Key Takeaways
- Strategic investments in Europe, the UK, and the USA are expected to drive revenue growth and enhance S H Kelkar's market presence.
- Operational efficiency improvements and inventory reduction efforts should boost cash flows, potentially reducing net debt and bolstering financial stability.
- Rising raw material prices, European expansion costs, GST delays, and competitive pressures impact S H Kelkar's margins, cash flow, and near-term revenue growth.
Catalysts
About S H Kelkar- Manufactures and supplies fragrances, flavors, and aroma ingredients in India.
- S H Kelkar is expected to benefit from strategic investments in Europe, the UK, and the USA, enhancing product development capabilities and engaging with global MNCs, which could drive revenue growth and increase their market presence in these key geographies.
- The company’s performance is anticipated to improve as they normalize gross margins through price corrections, addressing increased raw material costs, which should positively impact net margins.
- The growing segment of industrial-use ambient fragrances presents a new revenue stream, likely increasing overall revenue and diversifying their product portfolio, potentially leading to higher earnings.
- The recovery of the Global Ingredients segment, driven by structural initiatives and favorable conditions for exports from India, is expected to further accelerate growth, contributing to higher revenue and improved profitability.
- S H Kelkar's operational efficiency improvements and sustained dedication to inventory reduction are expected to enhance cash flows and strengthen the balance sheet, potentially lowering net debt and improving financial stability.
S H Kelkar Future Earnings and Revenue Growth
Assumptions
How have these above catalysts been quantified?- Analysts are assuming S H Kelkar's revenue will grow by 10.5% annually over the next 3 years.
- Analysts assume that profit margins will increase from 0.3% today to 11.4% in 3 years time.
- Analysts expect earnings to reach ₹3.3 billion (and earnings per share of ₹22.81) by about April 2028, up from ₹69.9 million today.
- In order for the above numbers to justify the analysts price target, the company would need to trade at a PE ratio of 22.1x on those 2028 earnings, down from 412.7x today. This future PE is lower than the current PE for the IN Chemicals industry at 25.8x.
- Analysts expect the number of shares outstanding to decline by 0.34% per year for the next 3 years.
- To value all of this in today's terms, we will use a discount rate of 14.15%, as per the Simply Wall St company report.

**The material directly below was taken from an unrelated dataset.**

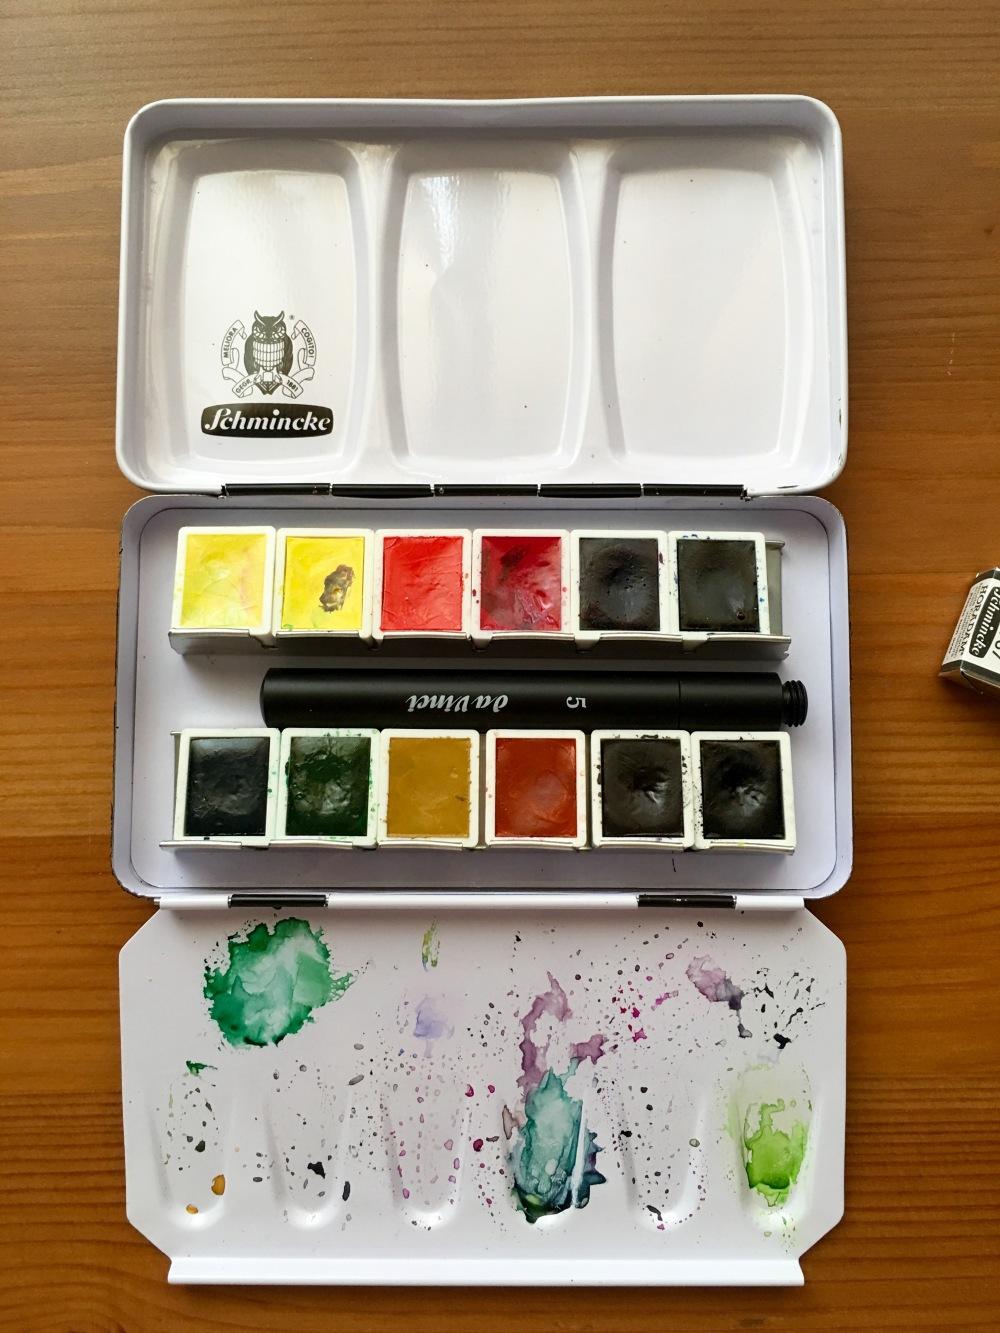 Schmincke metal watercolor travel palette with a da vinci size 5 travel brush

S H Kelkar Future Earnings Per Share Growth
Risks
What could happen that would invalidate this narrative?- The increase in raw material prices, particularly due to geopolitical uncertainties and environmental factors like droughts in key supply regions, has impacted gross margins and could continue to do so if conditions persist, affecting short-term net earnings.
- The company's European segment faces growth challenges, with the need for significant investment to expand capacity, which could strain cash flows and impact future net margins and revenue.
- Delays in collecting GST refunds and ongoing high inventory levels are contributing to elevated net debt levels, impacting cash flow and increasing financial risk.
- A slowdown in demand from large accounts within the domestic market, and potential deferment of new product launches can lead to reduced revenue growth in the near term.
- The competitive intensity within the industry poses a risk to market share retention, potentially affecting long-term revenue and profitability growth.
Valuation
How have all the factors above been brought together to estimate a fair value?- The analysts have a consensus price target of ₹360.0 for S H Kelkar based on their expectations of its future earnings growth, profit margins and other risk factors.
- In order for you to agree with the analyst's consensus, you'd need to believe that by 2028, revenues will be ₹29.0 billion, earnings will come to ₹3.3 billion, and it would be trading on a PE ratio of 22.1x, assuming you use a discount rate of 14.1%.
- Given the current share price of ₹208.43, the analyst price target of ₹360.0 is 42.1% higher.
- We always encourage you to reach your own conclusions though. So sense check these analyst numbers against your own assumptions and expectations based on your understanding of the business and what you believe is probable.
How well do narratives help inform your perspective?
Disclaimer
Warren A.I. is a tool utilizing a Large Language Model (LLM) that ingests data on consensus price targets, forecasted revenue and earnings figures, as well as the transcripts of earnings calls to produce qualitative analysis. The narratives produced by Warren A.I. are general in nature and are based solely on analyst data and publicly-available material published by the respective companies. These scenarios are not indicative of the company's future performance and are exploratory in nature. Simply Wall St has no position in the company(s) mentioned. Simply Wall St may provide the securities issuer or related entities with website advertising services for a fee, on an arm's length basis. These relationships have no impact on the way we conduct our business, the content we host, or how our content is served to users. The price targets and estimates used are consensus data, and do not constitute a recommendation to buy or sell any stock, and they do not take account of your objectives, or your financial situation. Note that Warren A.I.'s analysis may not factor in the latest price-sensitive company announcements or qualitative material.